### Work to be completed
In the entries below, find the line with "Smoked Salmon Walmart" and the line with "Philadelphia Smoked Salmon", then retype both and everything between them exactly. Do not copy the pictures.

--- Data for this task Enclosed Below ---

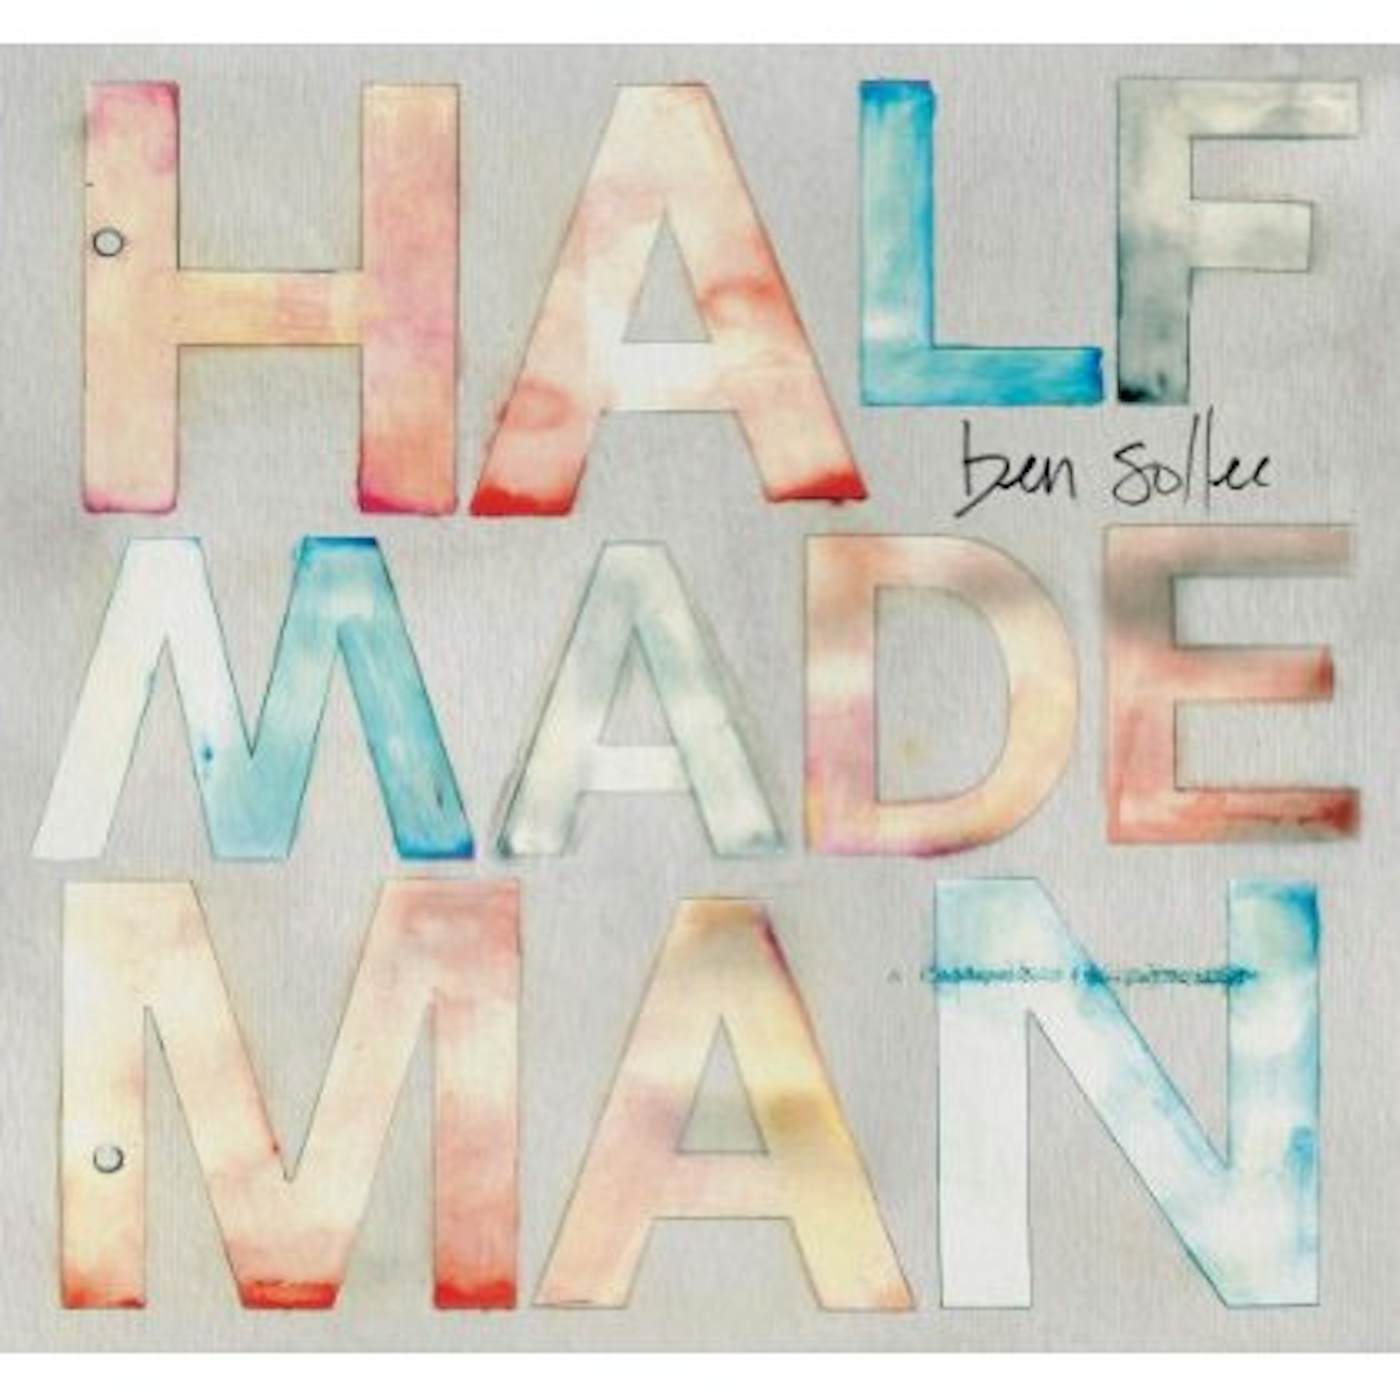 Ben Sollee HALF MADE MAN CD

--- End of Enclosed Data for this task ---
--- Data for this task Enclosed Below ---

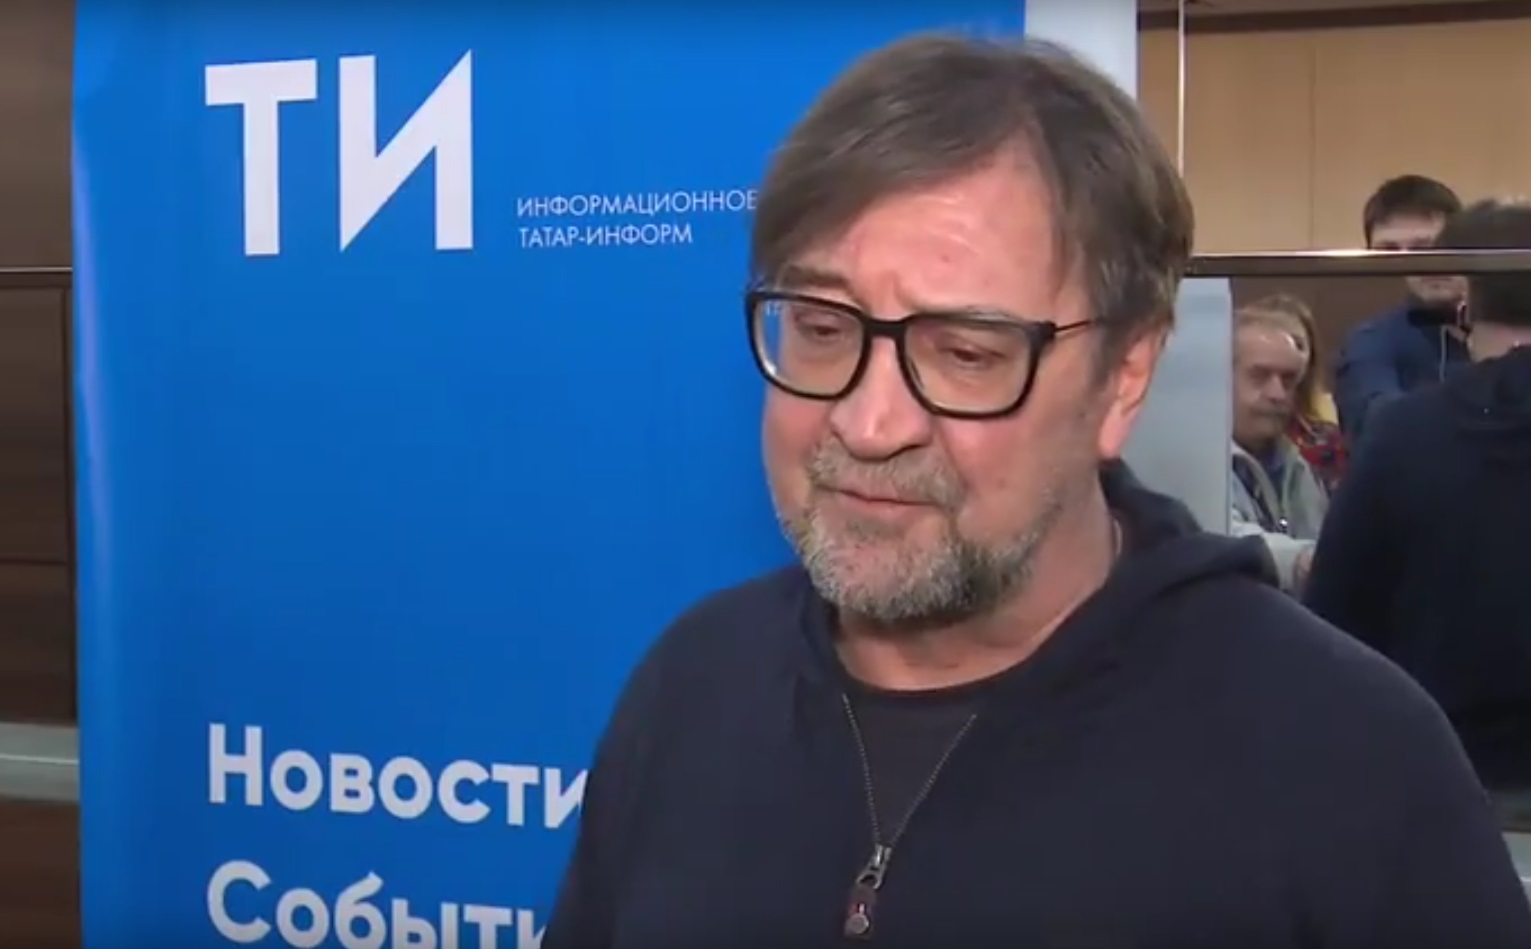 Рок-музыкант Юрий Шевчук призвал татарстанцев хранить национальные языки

--- End of Enclosed Data for this task ---
--- Data for this task Enclosed Below ---

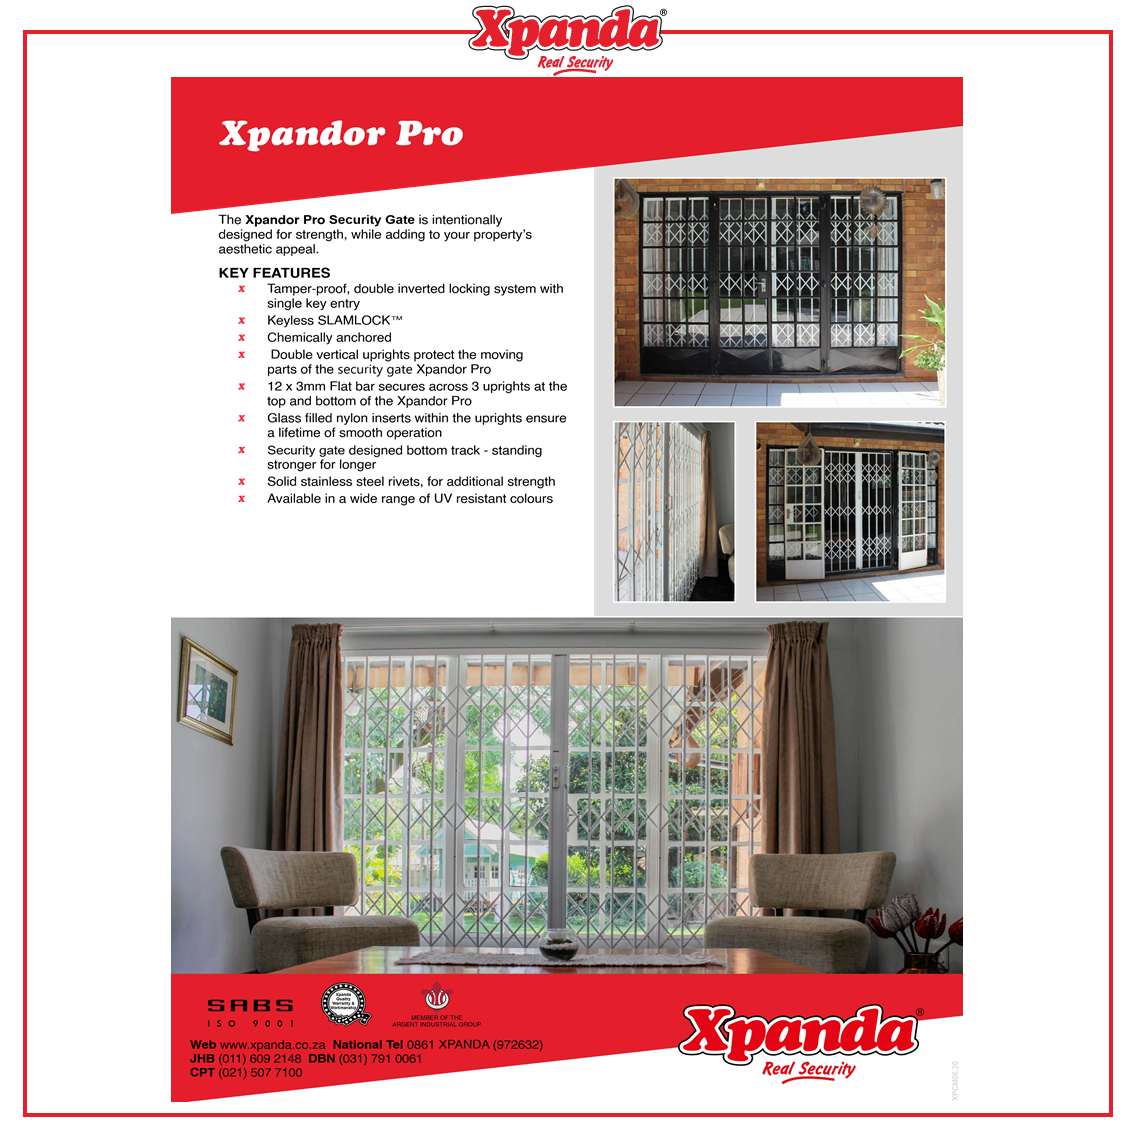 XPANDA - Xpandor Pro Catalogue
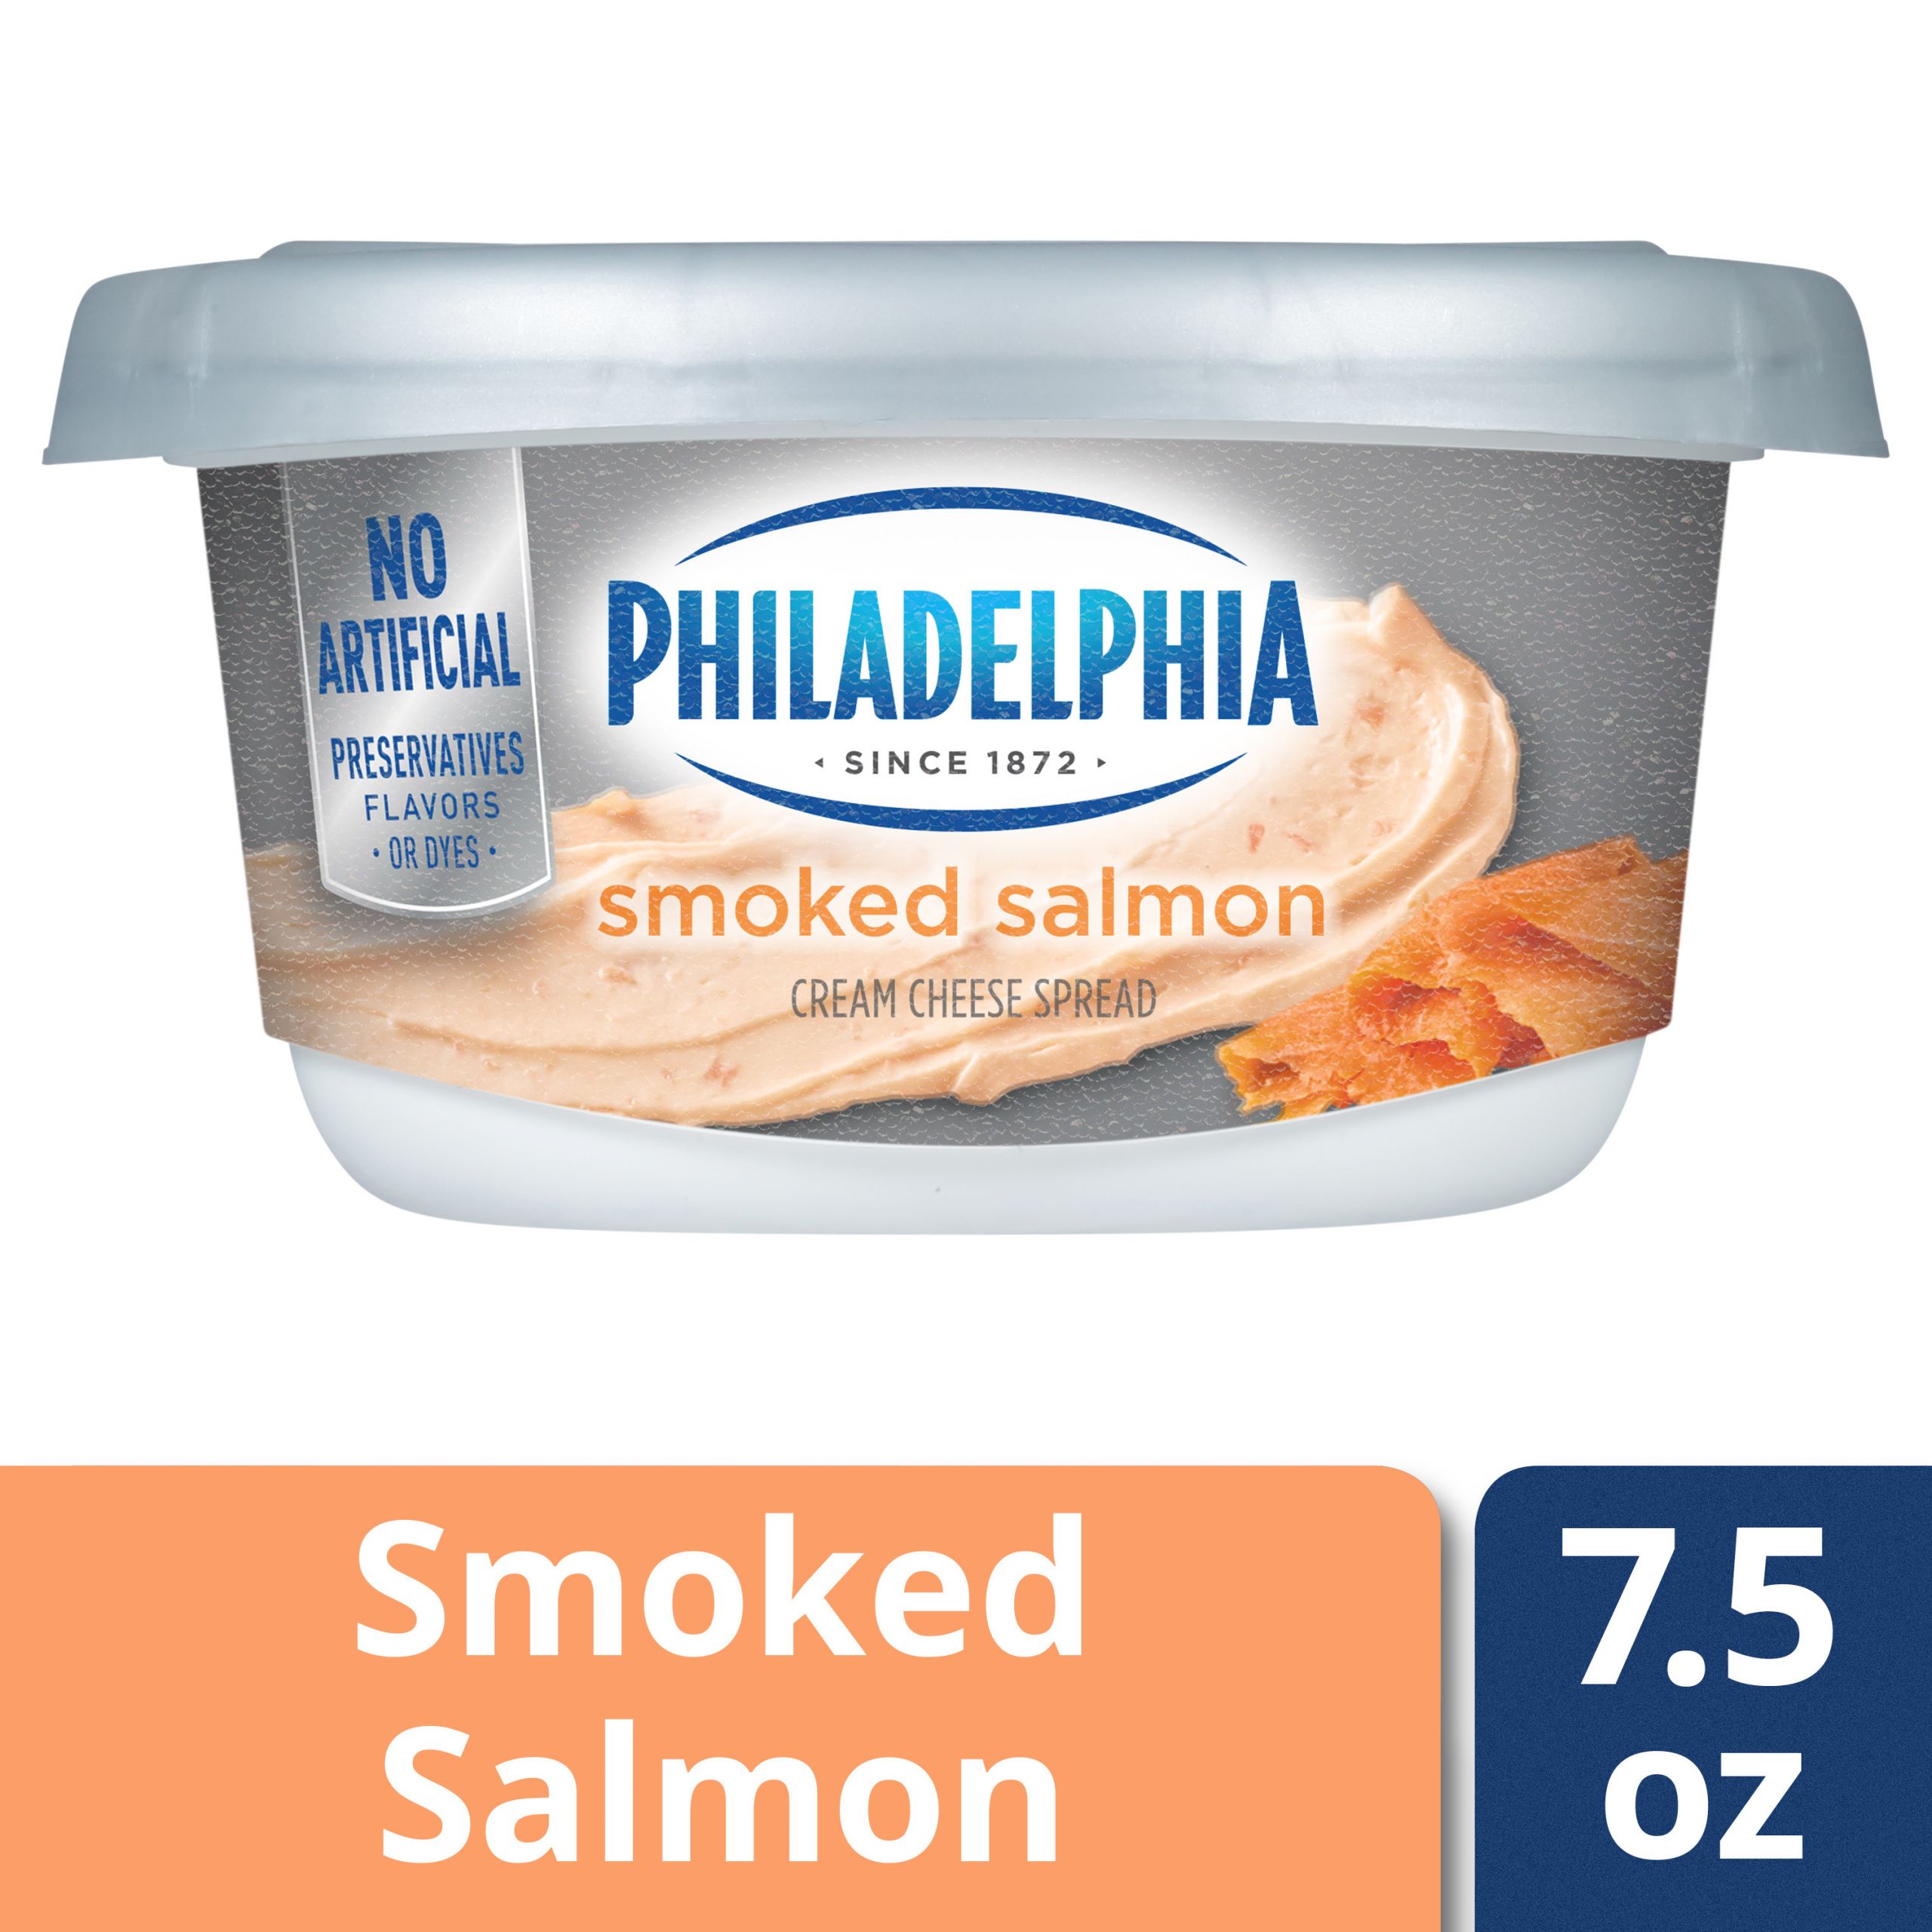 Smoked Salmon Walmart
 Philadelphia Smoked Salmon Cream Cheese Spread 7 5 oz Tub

--- End of Enclosed Data for this task ---

### Answer for the task
 Smoked Salmon Walmart
 Philadelphia Smoked Salmon Cream Cheese Spread 7 5 oz Tub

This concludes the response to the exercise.